### Work to complete
Pictures must be left out. Retype exactly the lines from the one containing "Phần ghế trên" through the last line of the records below.

---*---

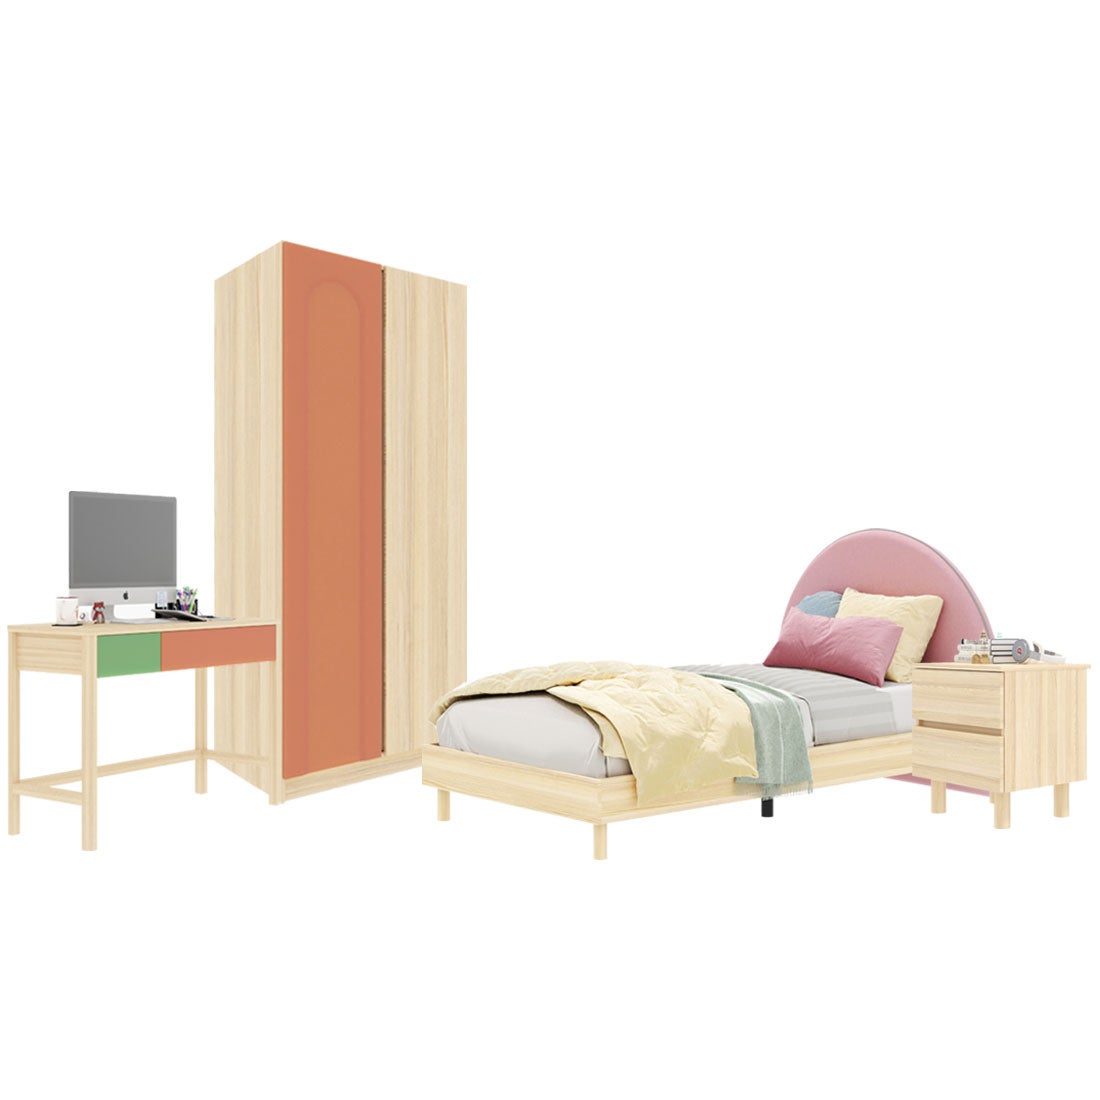 ชุดห้องนอน ขนาด 3.5 ฟุต-เบาะชมพู รุ่น Bingsoo & ตู้เสื้อผ้า 90 ซม. พร้อมตู้ข้างเตียง สีพีช01
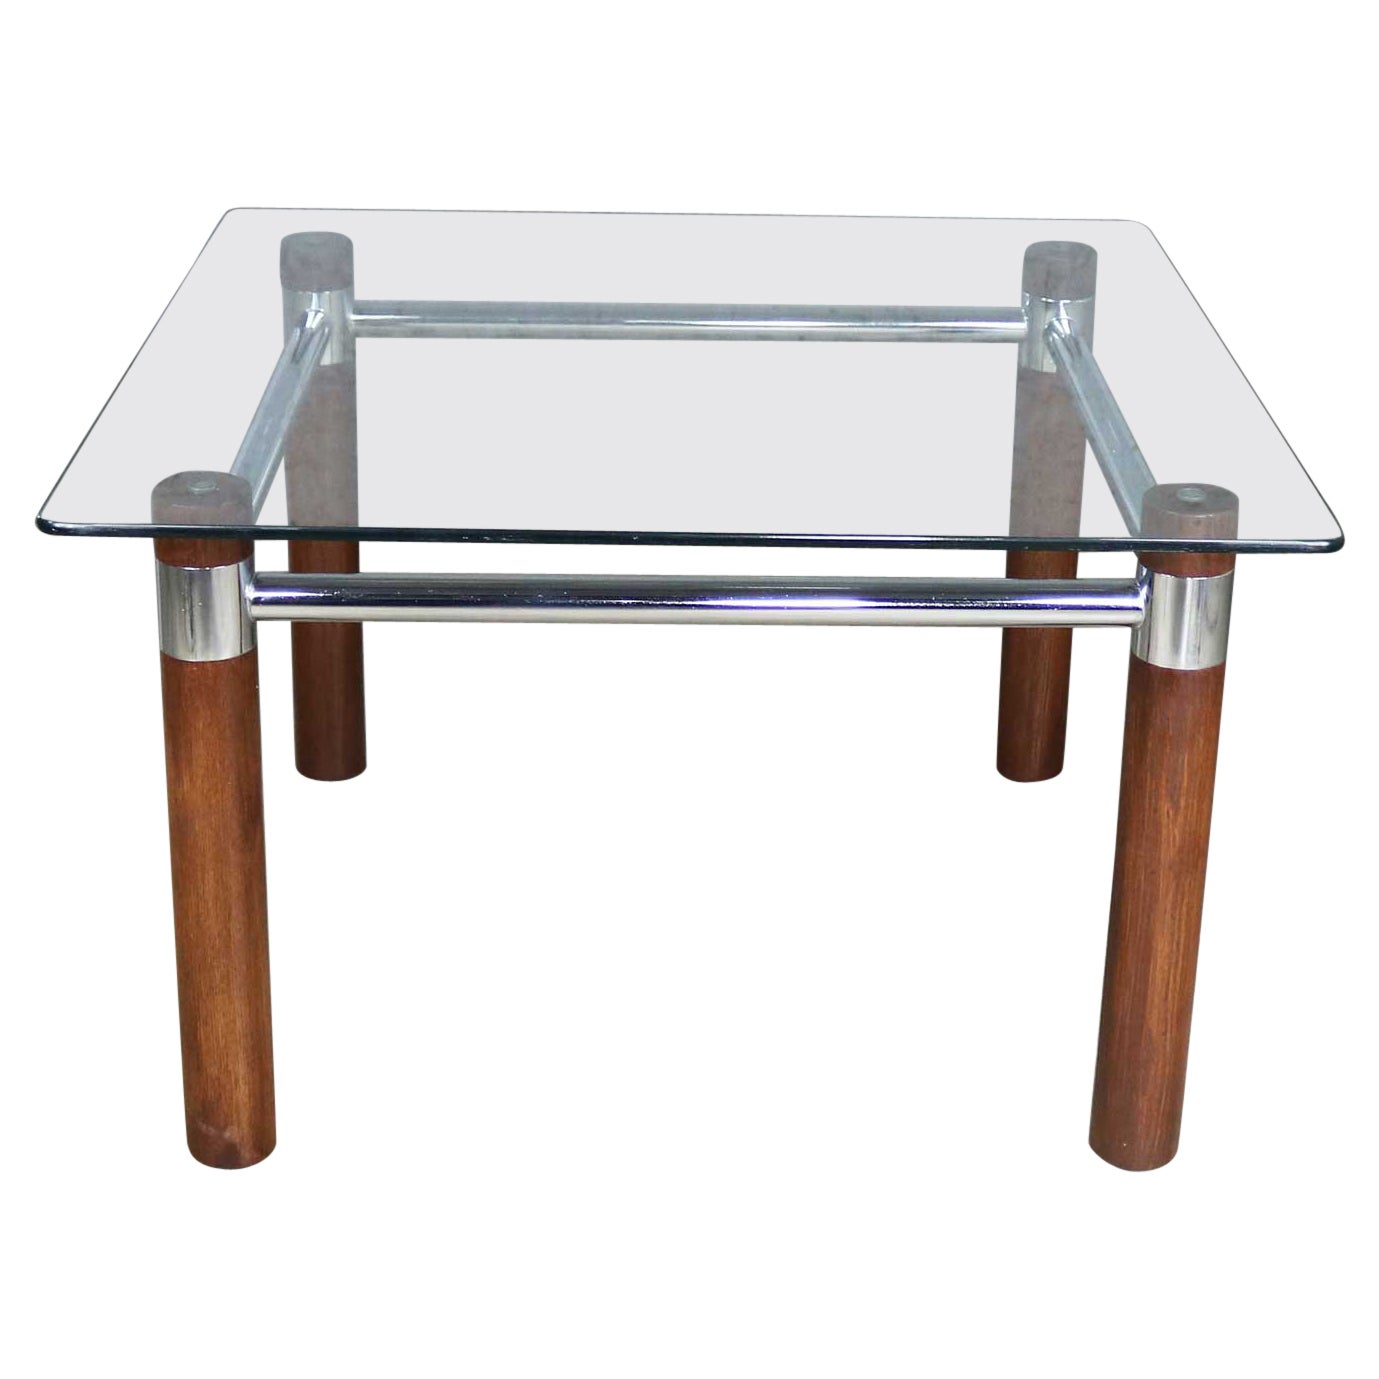 Table d'extrémité carrée en chêne cylindrique, chromée et verre, de style MCM à moderne
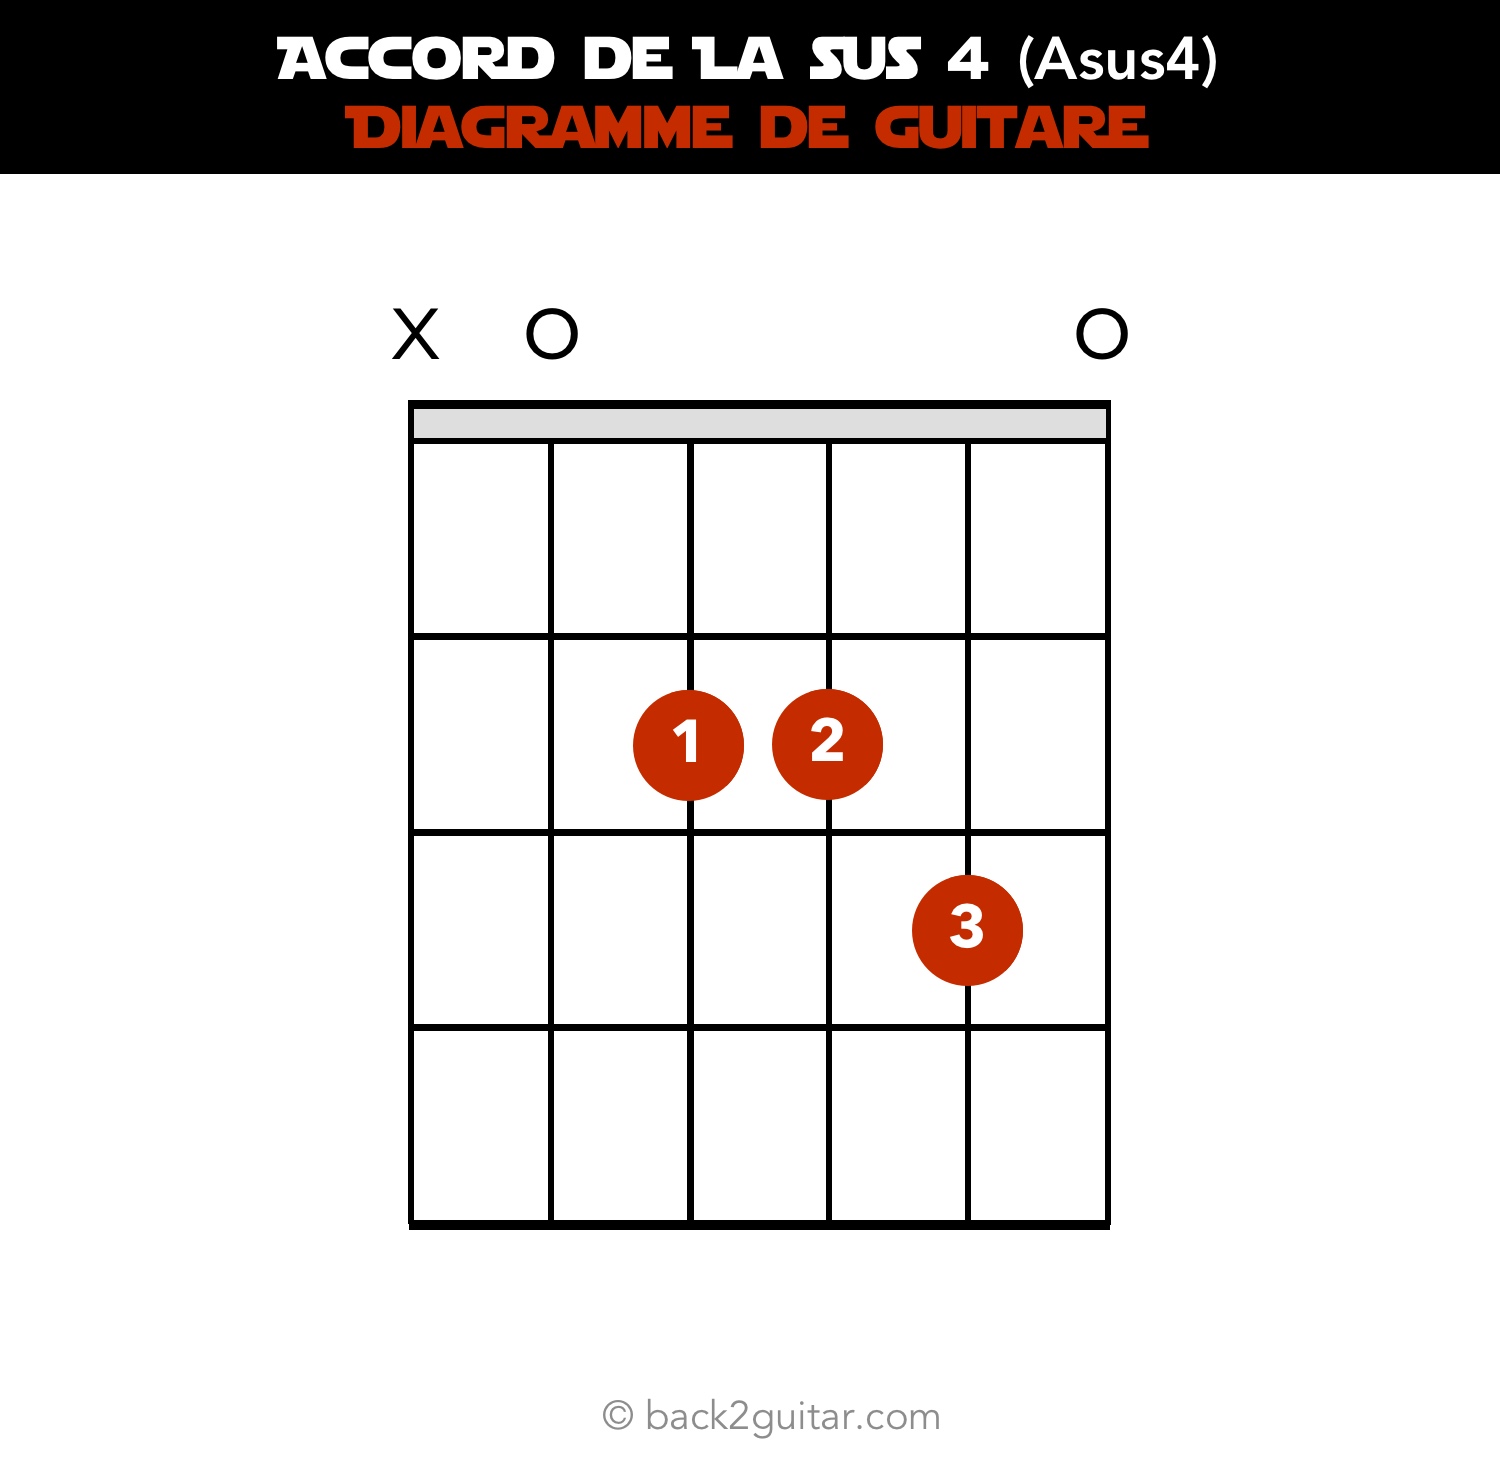 accord guitare la sus4 diagramme guitare (Asus4)
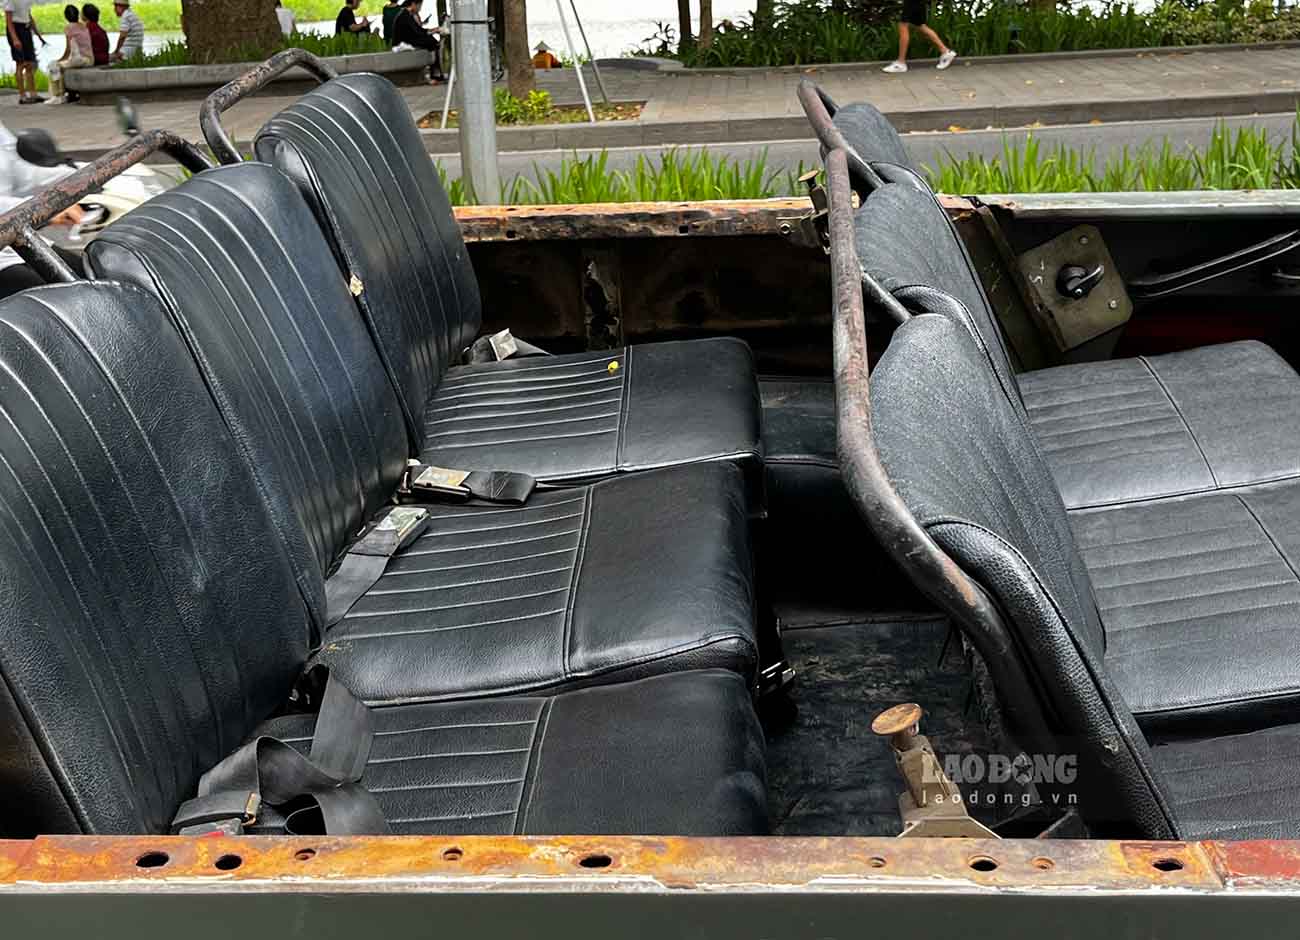 Phần ghế trên xe đã rất cũ, rách nhiều vị trí.
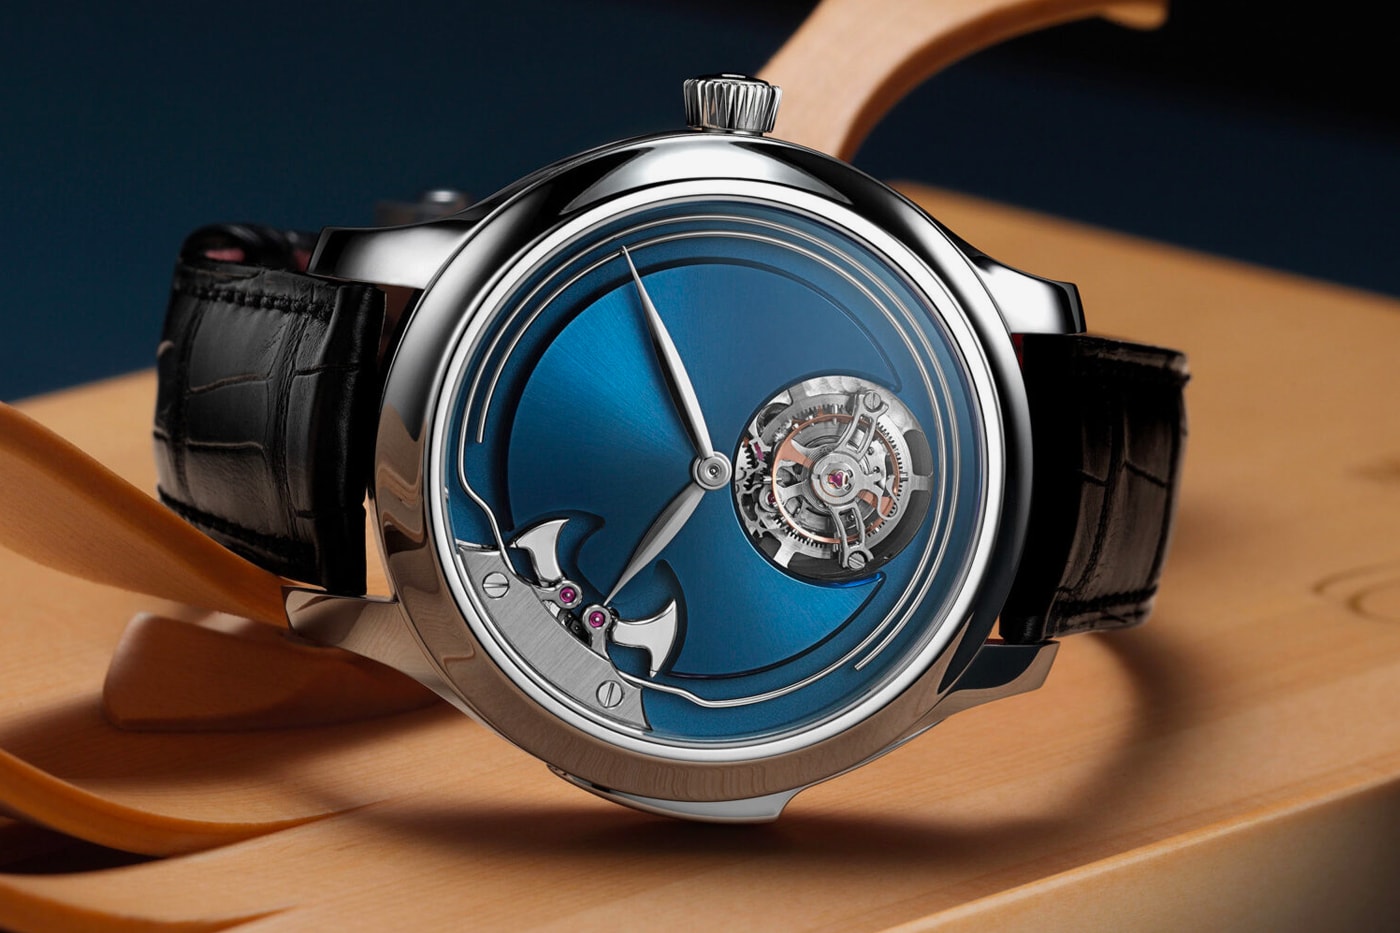 Endeavour Concept Minute Repeater Tourbillon Часы H. Moser & Cie, швейцарские немецкие механические часы собственного производства

---*---

### Result
 Phần ghế trên xe đã rất cũ, rách nhiều vị trí.
 Endeavour Concept Minute Repeater Tourbillon Часы H. Moser & Cie, швейцарские немецкие механические часы собственного производства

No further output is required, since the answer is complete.